I think dire thoughts, and lust for French fries
with a splash of vinegar.
Cat, enough of your greedy whining
and your small pink bumhole.
Off my face! You’re the life principle,
more or less, so get going
on a little optimism around here.
Get rid of death. Celebrate increase. Make it be spring.
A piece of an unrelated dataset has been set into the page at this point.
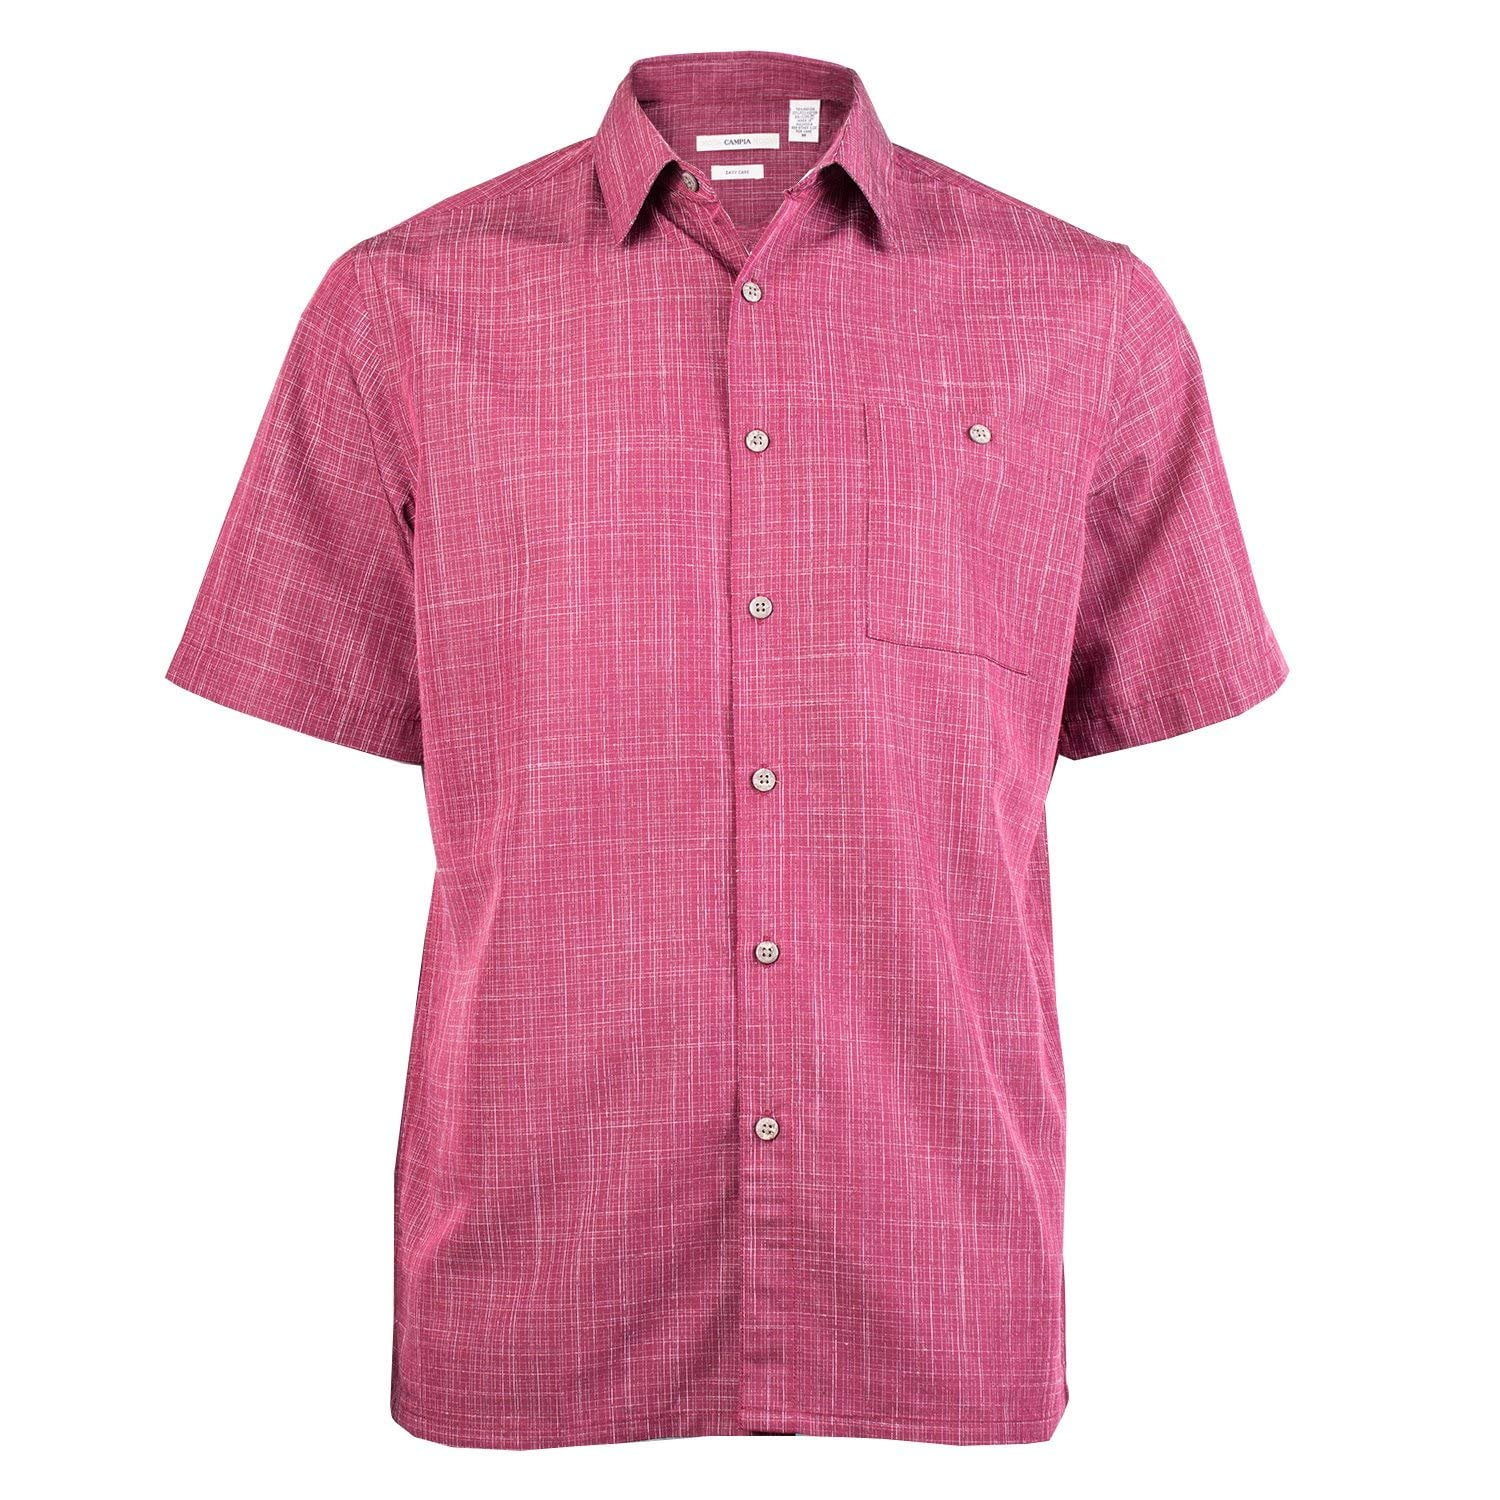 Campia Moda - Campia Men's Textured Solid Shirt (Burgundy, L) - Walmart ...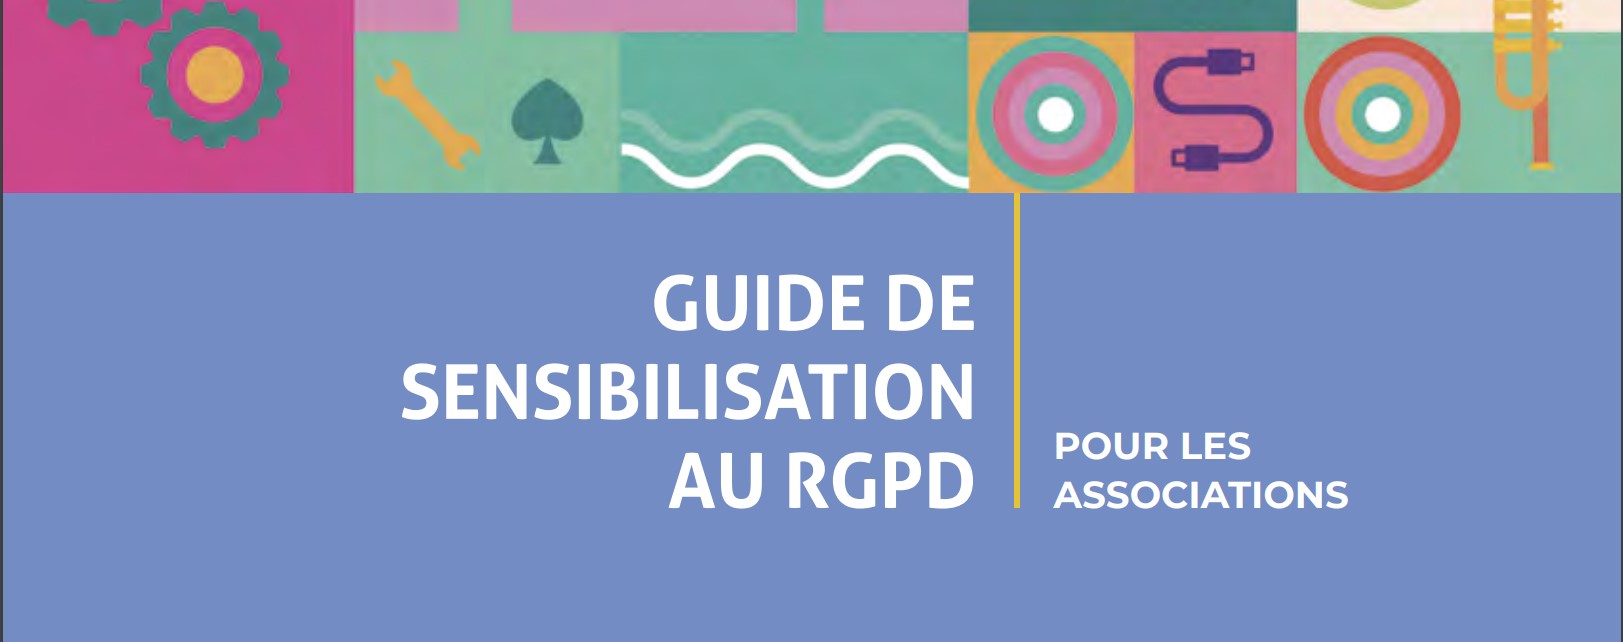 guide de sensibilisation au RGPD pour les associations de la CNIL

Ode to bicycles//Pablo Neruda
I was walking
down
a sizzling road:
the sun popped like
a field of blazing maize,
the
earth
was hot,
an infinite circle
with an empty
blue sky overhead.

A few bicycles
passed
me by,
the only
insects
in
that dry
moment of summer,
silent,
swift,
translucent;
they
barely stirred
the air.

Workers and girls
were riding to their
factories,
giving
their eyes
to summer,
their heads to the sky,
sitting on the
hard
beetle backs
of the whirling
bicycles
that whirred
as they rode by
bridges, rosebushes, brambles
and midday.

I thought about evening when
the boys
wash up,
sing, eat, raise
a cup
of wine
in honor
of love
and life,
and waiting
at the door,
the bicycle,
stilled,
because
only moving
does it have a soul,
and fallen there
it isn’t
a translucent insect
humming
through summer
but
a cold
skeleton
that will return to
life
only
when it’s needed,
when it’s light,
that is,
with
the
resurrection
of each day.

in just//e. e. cummings

in Just-
spring when the world is mud-
luscious the little lame baloonman

whistles far and wee

and eddyandbill come
running from marbles and
piracies and it’s
spring

when the world is puddle-wonderful

the queer
old baloonman whistles
far      and      wee
and bettyandisbel come dancing

from hop-scotch and jump-rope and

it’s

spring
and
the
goat-footed

baloonMan       whistles
far
and
wee

The Rider//Naomi Shihab Nye
A boy told me
if he roller-skated fast enough
his loneliness couldn’t catch up to him,

the best reason I ever heard
for trying to be a champion.

What I wonder tonight
pedaling hard down King William Street
is if it translates to bicycles.

A victory! To leave your loneliness
panting behind you on some street corner
while you float free into a cloud of sudden azaleas,
pink petals that have never felt loneliness,
no matter how slowly they fell.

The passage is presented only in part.